16.

237 24 3
                                    

Przerzuciłam niewielką torbę przez ramię. Jest dwudziesta czwarta ,tak więc każdy domownik śpi. To dzień, w którym opuszczam to najwspanialsze miejsce. Zostawiam chłopaków i Harry'ego. Zostawiam ich bo jestem zbytnio narażona. Połykam gulę stojąco w moim gardle zamykając drzwi od pokoju, w którym spędziłam ostatnie dwa tygodnie albo i więcej.

   Zayn czeka na dole. Pomimo mojego narażenia postanawiam pójść pożegnać Harry'ego. Chcę ostatni raz dotknąć jego włosów, poczuć powalającą zapach i zapamiętać spokojną twarz. Uchylam drzwi najciszej jak mogę. Zastaję chłopaka pogrążonego w głębokim śnie. Łzy zaczynają skapywać z mojej twarzy. Podchodzę do łóżka kucając nad chłopakiem. Najdelikatniej jak potrafię przeczesuje bujną czuprynę. Potem nachylam się nad jego uchem szepcząc.

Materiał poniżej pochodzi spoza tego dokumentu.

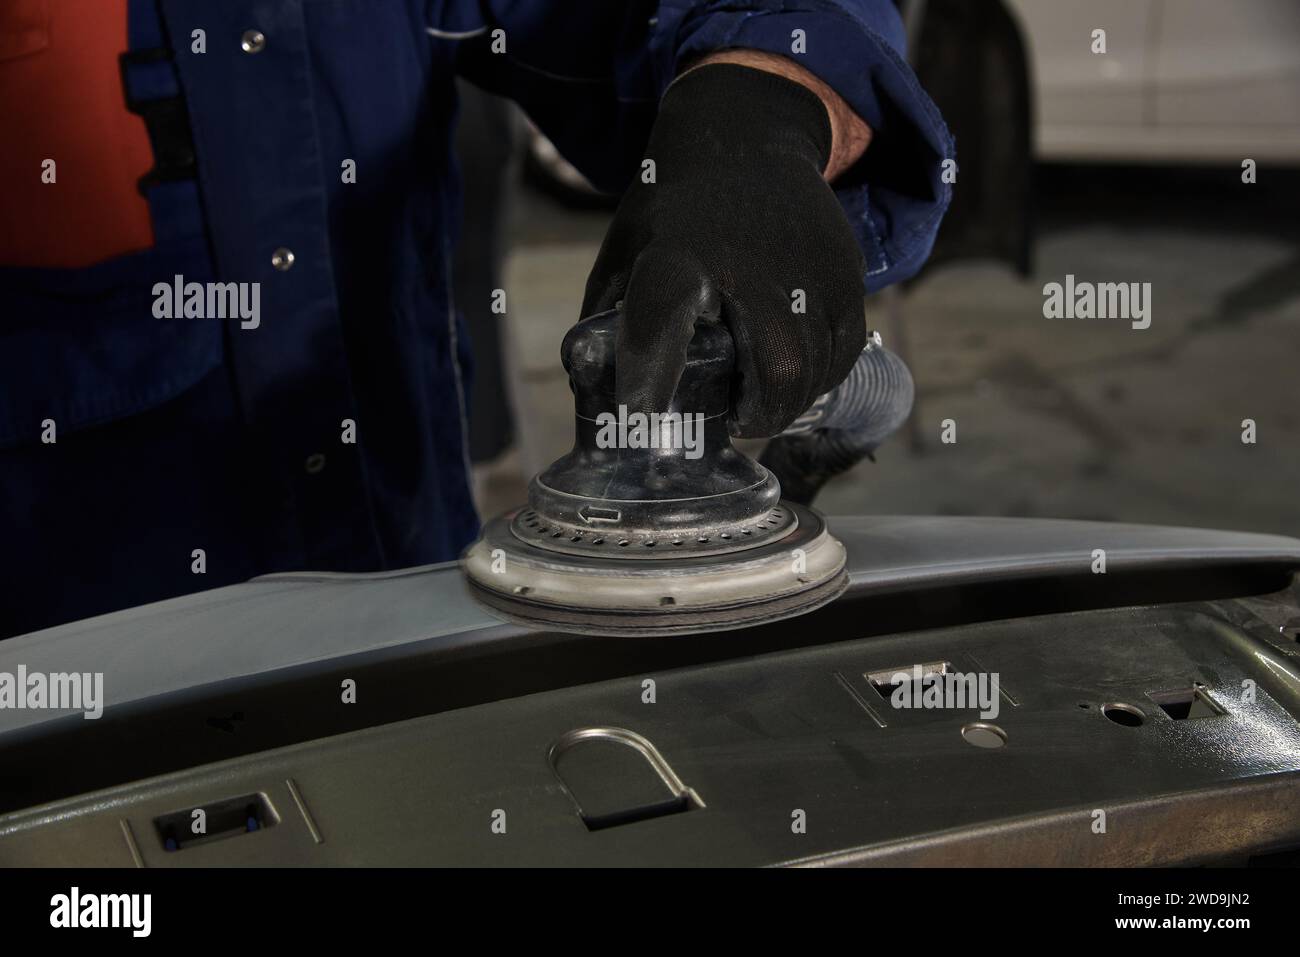 A man at a car maintenance station cleans the car part with an instrument. Preparation of car parts for painting. Car repair at the station. Car servi Stock Photo

- Bardzo Cię kocham. Wybacz za wszystko co wyrządził ci Steven, wybacz że mnie spotkałeś- chlipię całując go w policzek. Po cichu opuszczam pokój. Wycieram łzy próbując opanować całą sytuację. Zostawiam ich, zostawiam dom, zostawiam Penny z amnezją. Żegnajcie....

***

Harry

Gdy wstałem z rana poczułem, że mój policzek jest delikatnie zwilżony. Zignorowałem to i zbiegłem na dół. Nie było jednak Penny co strasznie mnie zaskoczyło. Każdemu zdarza się zaspać. Otwieram lodówkę na oścież szukając piwa. Dzisiaj przyjeżdża Liam i wolę coś wziąć przed spotkaniem. Informację, które dostanę mogą być oszałamiające.

- Stałeś się tak mało czujny?- spinam mięśnie ze strachu. Potem jednak rozpoznaję dobrze ten głos. Odwracam głowę zauważając Payne'a z piwem w ręce. Drugie podsuwa do mnie, więc siadam przy wyspie kuchennej naprzeciwko chłopaka.

- Wróciłeś wreszcie...

- Wróciłem. Zacząć od początku czy raczej nie?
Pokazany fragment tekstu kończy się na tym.